**TASK GOAL**
Your job with the data below is to output exactly the lines from the one holding "Esstisch Habufa aus" down to the one holding "Mendjisky, Serge (Paris", both included, and no others.

**RECORDS TO PROCESS**
• • •
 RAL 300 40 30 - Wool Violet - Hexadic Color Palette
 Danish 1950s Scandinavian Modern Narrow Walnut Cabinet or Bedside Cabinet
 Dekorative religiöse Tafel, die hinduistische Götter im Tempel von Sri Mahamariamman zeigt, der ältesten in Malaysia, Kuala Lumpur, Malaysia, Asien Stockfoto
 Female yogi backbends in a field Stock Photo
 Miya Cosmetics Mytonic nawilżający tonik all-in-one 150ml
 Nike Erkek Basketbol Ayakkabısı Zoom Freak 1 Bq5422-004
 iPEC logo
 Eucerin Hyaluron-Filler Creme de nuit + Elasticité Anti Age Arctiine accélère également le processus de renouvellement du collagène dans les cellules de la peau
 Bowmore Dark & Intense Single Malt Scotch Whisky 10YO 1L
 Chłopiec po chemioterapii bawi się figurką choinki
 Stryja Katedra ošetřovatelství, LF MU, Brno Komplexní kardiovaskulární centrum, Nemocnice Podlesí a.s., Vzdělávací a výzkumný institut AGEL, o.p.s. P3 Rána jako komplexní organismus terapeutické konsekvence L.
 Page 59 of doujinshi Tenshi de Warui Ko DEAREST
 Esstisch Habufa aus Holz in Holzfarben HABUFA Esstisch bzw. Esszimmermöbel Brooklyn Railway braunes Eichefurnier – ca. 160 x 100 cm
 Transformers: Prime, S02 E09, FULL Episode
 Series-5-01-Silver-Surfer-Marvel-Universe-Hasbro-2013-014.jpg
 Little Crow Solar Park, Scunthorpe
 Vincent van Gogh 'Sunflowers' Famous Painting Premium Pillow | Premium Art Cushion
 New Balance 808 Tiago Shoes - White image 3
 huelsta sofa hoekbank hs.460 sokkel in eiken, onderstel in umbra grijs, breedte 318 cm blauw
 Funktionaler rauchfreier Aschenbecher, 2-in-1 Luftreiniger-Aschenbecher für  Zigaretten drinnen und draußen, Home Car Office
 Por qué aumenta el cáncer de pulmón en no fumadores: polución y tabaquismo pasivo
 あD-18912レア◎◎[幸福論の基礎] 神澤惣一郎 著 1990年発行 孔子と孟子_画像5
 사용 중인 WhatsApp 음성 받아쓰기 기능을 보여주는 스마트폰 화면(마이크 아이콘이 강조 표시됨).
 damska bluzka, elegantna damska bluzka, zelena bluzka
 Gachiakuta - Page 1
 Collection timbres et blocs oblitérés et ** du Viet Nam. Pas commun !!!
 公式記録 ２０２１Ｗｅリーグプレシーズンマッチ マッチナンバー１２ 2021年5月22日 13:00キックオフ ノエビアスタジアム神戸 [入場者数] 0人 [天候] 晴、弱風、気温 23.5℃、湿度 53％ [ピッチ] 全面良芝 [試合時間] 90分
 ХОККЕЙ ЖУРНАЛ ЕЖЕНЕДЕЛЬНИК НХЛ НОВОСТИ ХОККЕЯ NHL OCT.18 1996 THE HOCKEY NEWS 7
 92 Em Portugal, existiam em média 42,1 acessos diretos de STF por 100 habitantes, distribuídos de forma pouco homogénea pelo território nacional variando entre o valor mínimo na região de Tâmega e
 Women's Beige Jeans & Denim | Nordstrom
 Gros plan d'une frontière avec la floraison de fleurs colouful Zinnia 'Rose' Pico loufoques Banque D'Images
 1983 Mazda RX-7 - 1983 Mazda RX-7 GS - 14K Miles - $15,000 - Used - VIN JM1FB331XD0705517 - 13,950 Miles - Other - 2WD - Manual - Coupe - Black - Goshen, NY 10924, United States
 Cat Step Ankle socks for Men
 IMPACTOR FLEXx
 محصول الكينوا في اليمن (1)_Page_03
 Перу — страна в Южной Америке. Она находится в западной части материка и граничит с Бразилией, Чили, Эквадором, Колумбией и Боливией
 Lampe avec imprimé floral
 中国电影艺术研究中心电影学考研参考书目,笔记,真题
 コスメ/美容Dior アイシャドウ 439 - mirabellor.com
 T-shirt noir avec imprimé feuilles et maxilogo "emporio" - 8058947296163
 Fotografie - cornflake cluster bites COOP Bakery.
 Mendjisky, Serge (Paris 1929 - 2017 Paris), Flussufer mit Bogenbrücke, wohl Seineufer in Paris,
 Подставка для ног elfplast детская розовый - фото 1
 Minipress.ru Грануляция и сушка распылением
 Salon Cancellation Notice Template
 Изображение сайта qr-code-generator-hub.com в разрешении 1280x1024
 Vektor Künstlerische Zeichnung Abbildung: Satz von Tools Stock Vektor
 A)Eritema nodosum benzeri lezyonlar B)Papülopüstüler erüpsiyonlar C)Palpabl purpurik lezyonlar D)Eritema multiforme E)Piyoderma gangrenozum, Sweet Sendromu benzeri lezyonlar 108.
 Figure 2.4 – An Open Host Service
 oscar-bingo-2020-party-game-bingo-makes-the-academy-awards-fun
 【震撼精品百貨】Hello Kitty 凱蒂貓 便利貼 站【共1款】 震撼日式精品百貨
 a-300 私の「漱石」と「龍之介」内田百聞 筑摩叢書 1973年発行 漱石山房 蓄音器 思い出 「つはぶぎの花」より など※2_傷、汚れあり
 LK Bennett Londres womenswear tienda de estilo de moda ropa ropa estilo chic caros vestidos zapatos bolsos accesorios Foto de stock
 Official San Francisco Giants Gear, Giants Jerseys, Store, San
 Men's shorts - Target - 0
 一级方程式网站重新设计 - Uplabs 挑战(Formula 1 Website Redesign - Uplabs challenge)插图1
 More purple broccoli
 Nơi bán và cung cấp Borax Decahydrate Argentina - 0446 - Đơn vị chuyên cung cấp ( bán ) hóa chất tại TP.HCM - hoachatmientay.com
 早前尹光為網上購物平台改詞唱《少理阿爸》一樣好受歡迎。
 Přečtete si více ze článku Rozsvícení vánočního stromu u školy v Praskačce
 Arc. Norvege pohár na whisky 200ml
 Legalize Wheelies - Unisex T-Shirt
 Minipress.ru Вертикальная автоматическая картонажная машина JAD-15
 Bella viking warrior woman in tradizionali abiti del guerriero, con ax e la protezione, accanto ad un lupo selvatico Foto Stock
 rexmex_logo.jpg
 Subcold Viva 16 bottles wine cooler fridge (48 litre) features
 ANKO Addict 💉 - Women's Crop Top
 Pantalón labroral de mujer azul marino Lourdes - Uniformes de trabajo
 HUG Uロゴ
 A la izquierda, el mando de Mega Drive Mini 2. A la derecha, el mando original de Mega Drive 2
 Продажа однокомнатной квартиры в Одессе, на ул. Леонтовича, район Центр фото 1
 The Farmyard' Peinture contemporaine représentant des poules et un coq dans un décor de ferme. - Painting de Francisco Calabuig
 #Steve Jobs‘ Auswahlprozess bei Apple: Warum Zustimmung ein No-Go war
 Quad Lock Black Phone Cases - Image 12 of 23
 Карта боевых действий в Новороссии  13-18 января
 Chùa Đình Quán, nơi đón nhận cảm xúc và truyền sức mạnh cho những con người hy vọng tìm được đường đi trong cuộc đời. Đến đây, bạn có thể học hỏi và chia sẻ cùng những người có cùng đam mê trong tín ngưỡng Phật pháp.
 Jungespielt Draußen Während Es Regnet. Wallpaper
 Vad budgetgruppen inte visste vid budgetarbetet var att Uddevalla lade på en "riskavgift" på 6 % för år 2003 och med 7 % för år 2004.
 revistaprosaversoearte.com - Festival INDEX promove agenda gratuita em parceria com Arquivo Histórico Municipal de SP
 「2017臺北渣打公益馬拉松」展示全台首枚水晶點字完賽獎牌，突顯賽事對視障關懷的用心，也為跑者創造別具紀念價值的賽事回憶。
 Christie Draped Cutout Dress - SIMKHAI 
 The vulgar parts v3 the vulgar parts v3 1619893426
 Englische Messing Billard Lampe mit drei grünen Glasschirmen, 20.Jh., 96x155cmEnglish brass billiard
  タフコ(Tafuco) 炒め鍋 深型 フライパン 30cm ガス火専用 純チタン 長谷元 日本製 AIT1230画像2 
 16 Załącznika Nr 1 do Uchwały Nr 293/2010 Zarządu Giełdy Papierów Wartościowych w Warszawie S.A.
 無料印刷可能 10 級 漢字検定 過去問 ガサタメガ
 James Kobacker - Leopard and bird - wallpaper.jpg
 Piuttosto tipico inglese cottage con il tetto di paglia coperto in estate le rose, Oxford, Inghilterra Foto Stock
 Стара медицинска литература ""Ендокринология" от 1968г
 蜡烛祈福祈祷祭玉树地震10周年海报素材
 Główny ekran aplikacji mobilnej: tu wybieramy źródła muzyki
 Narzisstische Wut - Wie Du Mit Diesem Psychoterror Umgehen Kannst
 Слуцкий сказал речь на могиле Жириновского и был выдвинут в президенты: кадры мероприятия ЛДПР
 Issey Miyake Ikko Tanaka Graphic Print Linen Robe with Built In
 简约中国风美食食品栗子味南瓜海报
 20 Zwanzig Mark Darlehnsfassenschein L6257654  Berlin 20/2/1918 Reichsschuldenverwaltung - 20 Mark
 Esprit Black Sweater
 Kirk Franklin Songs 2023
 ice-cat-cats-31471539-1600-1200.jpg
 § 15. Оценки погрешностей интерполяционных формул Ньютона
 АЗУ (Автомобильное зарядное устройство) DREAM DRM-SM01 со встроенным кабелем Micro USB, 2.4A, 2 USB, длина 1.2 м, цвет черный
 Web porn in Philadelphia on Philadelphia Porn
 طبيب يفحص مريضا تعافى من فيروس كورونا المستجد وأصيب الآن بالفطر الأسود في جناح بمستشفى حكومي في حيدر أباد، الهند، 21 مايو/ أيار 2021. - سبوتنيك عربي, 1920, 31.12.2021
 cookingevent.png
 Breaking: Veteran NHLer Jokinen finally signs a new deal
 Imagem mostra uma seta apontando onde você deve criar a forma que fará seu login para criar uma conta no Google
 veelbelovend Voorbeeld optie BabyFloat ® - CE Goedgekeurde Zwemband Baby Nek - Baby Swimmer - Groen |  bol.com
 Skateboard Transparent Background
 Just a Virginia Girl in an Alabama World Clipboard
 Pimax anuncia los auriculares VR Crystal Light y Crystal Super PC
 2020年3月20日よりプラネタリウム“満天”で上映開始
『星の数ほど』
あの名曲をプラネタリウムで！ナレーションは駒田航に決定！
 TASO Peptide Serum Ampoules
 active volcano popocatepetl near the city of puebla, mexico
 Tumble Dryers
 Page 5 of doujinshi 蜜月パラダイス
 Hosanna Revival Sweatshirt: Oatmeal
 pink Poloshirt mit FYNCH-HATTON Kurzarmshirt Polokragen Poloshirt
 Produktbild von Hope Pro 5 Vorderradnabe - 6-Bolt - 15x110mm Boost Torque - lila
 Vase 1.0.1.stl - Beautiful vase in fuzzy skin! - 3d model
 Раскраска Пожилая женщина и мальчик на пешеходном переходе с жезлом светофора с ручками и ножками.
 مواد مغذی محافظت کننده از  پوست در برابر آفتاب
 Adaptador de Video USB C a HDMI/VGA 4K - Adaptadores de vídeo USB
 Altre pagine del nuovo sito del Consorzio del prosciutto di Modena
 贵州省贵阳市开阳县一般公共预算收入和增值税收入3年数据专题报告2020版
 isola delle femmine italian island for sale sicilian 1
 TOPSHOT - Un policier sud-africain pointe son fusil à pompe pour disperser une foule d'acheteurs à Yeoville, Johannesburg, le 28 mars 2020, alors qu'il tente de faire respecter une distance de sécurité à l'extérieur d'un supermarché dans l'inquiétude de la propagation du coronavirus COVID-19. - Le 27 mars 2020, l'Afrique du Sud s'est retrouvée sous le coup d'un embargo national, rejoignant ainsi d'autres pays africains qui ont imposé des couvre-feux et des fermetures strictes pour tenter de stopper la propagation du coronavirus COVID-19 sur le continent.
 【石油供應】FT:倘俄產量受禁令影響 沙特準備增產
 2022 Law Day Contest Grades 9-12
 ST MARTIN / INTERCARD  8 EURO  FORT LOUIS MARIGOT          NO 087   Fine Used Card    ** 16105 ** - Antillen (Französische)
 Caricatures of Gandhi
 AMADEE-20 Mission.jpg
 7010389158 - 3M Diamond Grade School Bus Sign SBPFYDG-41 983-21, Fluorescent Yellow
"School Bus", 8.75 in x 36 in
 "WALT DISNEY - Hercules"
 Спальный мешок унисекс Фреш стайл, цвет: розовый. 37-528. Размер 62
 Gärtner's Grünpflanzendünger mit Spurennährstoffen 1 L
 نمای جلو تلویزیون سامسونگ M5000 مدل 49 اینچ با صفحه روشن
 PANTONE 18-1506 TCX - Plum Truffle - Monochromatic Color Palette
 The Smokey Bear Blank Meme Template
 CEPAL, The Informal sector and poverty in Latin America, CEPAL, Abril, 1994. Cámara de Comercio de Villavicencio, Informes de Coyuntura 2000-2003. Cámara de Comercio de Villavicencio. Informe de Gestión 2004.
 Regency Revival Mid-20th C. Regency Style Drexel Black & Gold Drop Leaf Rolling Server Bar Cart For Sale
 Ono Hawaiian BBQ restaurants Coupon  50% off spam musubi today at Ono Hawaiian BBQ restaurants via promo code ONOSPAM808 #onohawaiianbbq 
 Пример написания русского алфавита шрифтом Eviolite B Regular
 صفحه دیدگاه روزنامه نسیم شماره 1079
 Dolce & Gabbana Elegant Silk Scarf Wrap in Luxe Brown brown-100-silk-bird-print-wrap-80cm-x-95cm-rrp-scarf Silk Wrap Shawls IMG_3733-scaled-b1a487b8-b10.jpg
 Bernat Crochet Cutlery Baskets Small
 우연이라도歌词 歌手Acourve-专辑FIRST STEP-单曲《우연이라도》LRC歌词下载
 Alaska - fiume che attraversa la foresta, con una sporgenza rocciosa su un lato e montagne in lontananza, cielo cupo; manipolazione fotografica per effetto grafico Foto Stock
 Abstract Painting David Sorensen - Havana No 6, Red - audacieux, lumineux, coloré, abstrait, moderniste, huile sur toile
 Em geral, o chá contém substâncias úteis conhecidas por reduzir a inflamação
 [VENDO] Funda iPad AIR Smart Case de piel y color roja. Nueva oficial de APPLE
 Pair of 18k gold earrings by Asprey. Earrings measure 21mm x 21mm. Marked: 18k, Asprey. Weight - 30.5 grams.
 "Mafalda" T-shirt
• • •
**THE COMPLETED TASK**
 Esstisch Habufa aus Holz in Holzfarben HABUFA Esstisch bzw. Esszimmermöbel Brooklyn Railway braunes Eichefurnier – ca. 160 x 100 cm
 Transformers: Prime, S02 E09, FULL Episode
 Series-5-01-Silver-Surfer-Marvel-Universe-Hasbro-2013-014.jpg
 Little Crow Solar Park, Scunthorpe
 Vincent van Gogh 'Sunflowers' Famous Painting Premium Pillow | Premium Art Cushion
 New Balance 808 Tiago Shoes - White image 3
 huelsta sofa hoekbank hs.460 sokkel in eiken, onderstel in umbra grijs, breedte 318 cm blauw
 Funktionaler rauchfreier Aschenbecher, 2-in-1 Luftreiniger-Aschenbecher für  Zigaretten drinnen und draußen, Home Car Office
 Por qué aumenta el cáncer de pulmón en no fumadores: polución y tabaquismo pasivo
 あD-18912レア◎◎[幸福論の基礎] 神澤惣一郎 著 1990年発行 孔子と孟子_画像5
 사용 중인 WhatsApp 음성 받아쓰기 기능을 보여주는 스마트폰 화면(마이크 아이콘이 강조 표시됨).
 damska bluzka, elegantna damska bluzka, zelena bluzka
 Gachiakuta - Page 1
 Collection timbres et blocs oblitérés et ** du Viet Nam. Pas commun !!!
 公式記録 ２０２１Ｗｅリーグプレシーズンマッチ マッチナンバー１２ 2021年5月22日 13:00キックオフ ノエビアスタジアム神戸 [入場者数] 0人 [天候] 晴、弱風、気温 23.5℃、湿度 53％ [ピッチ] 全面良芝 [試合時間] 90分
 ХОККЕЙ ЖУРНАЛ ЕЖЕНЕДЕЛЬНИК НХЛ НОВОСТИ ХОККЕЯ NHL OCT.18 1996 THE HOCKEY NEWS 7
 92 Em Portugal, existiam em média 42,1 acessos diretos de STF por 100 habitantes, distribuídos de forma pouco homogénea pelo território nacional variando entre o valor mínimo na região de Tâmega e
 Women's Beige Jeans & Denim | Nordstrom
 Gros plan d'une frontière avec la floraison de fleurs colouful Zinnia 'Rose' Pico loufoques Banque D'Images
 1983 Mazda RX-7 - 1983 Mazda RX-7 GS - 14K Miles - $15,000 - Used - VIN JM1FB331XD0705517 - 13,950 Miles - Other - 2WD - Manual - Coupe - Black - Goshen, NY 10924, United States
 Cat Step Ankle socks for Men
 IMPACTOR FLEXx
 محصول الكينوا في اليمن (1)_Page_03
 Перу — страна в Южной Америке. Она находится в западной части материка и граничит с Бразилией, Чили, Эквадором, Колумбией и Боливией
 Lampe avec imprimé floral
 中国电影艺术研究中心电影学考研参考书目,笔记,真题
 コスメ/美容Dior アイシャドウ 439 - mirabellor.com
 T-shirt noir avec imprimé feuilles et maxilogo "emporio" - 8058947296163
 Fotografie - cornflake cluster bites COOP Bakery.
 Mendjisky, Serge (Paris 1929 - 2017 Paris), Flussufer mit Bogenbrücke, wohl Seineufer in Paris,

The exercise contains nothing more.